Russia's President Vladimir Putin and Prime Minister Dmitry Medvedev are reflected in a mirror while visiting the Resurrection New Jerusalem Monastery at Istra, outside Moscow, Russia November 15, 2017. Sputnik/Ekaterina Shtukina/Pool Ekaterina Shtukina/Pool/Sputnik/Reuters

Both gaffes became viral memes and by last April, hundreds of thousands of Russians had signed a petition that called for Medvedev's dismissal. At the same time, Kremlin critic Alexey Navalny released a blockbuster investigation into Medvedev's alleged corrupt dealings, which accused the politician of amassing enormous wealth illegally. A year later, the YouTube clip of the investigation has been viewed almost 27 million times.
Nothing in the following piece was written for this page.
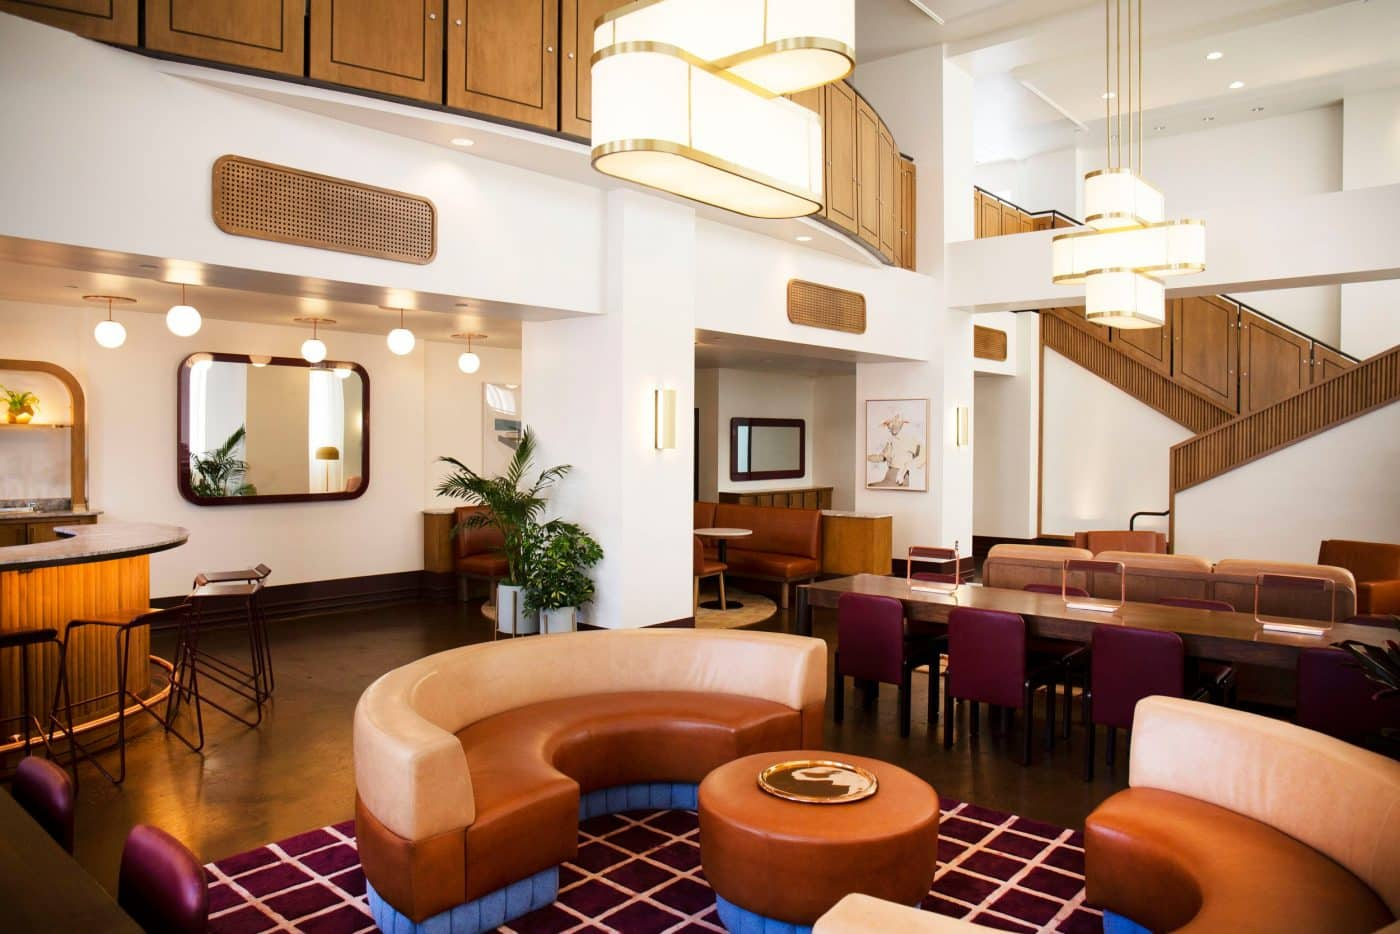 Hu Hotel lobby in Memphis, designed by Home Studios

The Russian premier is not the only one with a high disapproval rating, as most Russians (53 percent) do not think the government around him is doing a good job either. The government's approval rating closely mirrors Medvedev's and Russians have consistently disapproved of its work over the past two years.

Russian parliament, where lawmakers are largely loyal to Putin's policies and genuine acts of opposition are virtually non-existent, also received high disapproval, with 57 percent of Russians not satisfied with its work.

Following his fourth re-election as president earlier this year, Putin is on course to become Russia's longest-serving leader since Joseph Stalin, despite the faltering state of the economy and social services. Experts have told Newsweek that Putin's image as a stern manager in a vast system steadies his personal image, as mistrust against his officials dwindles.

Sam Greene, director of the Russia Institute at King's College London, recently told Newsweek that Putin deliberately runs a system bereft of agency without his say-so, adding the impression that he is the only one to thank when disputes are resolved. "The parliament, the courts, the constitution, even the church have been sapped of power in the service of a single arbiter, a single guarantor and a single symbol."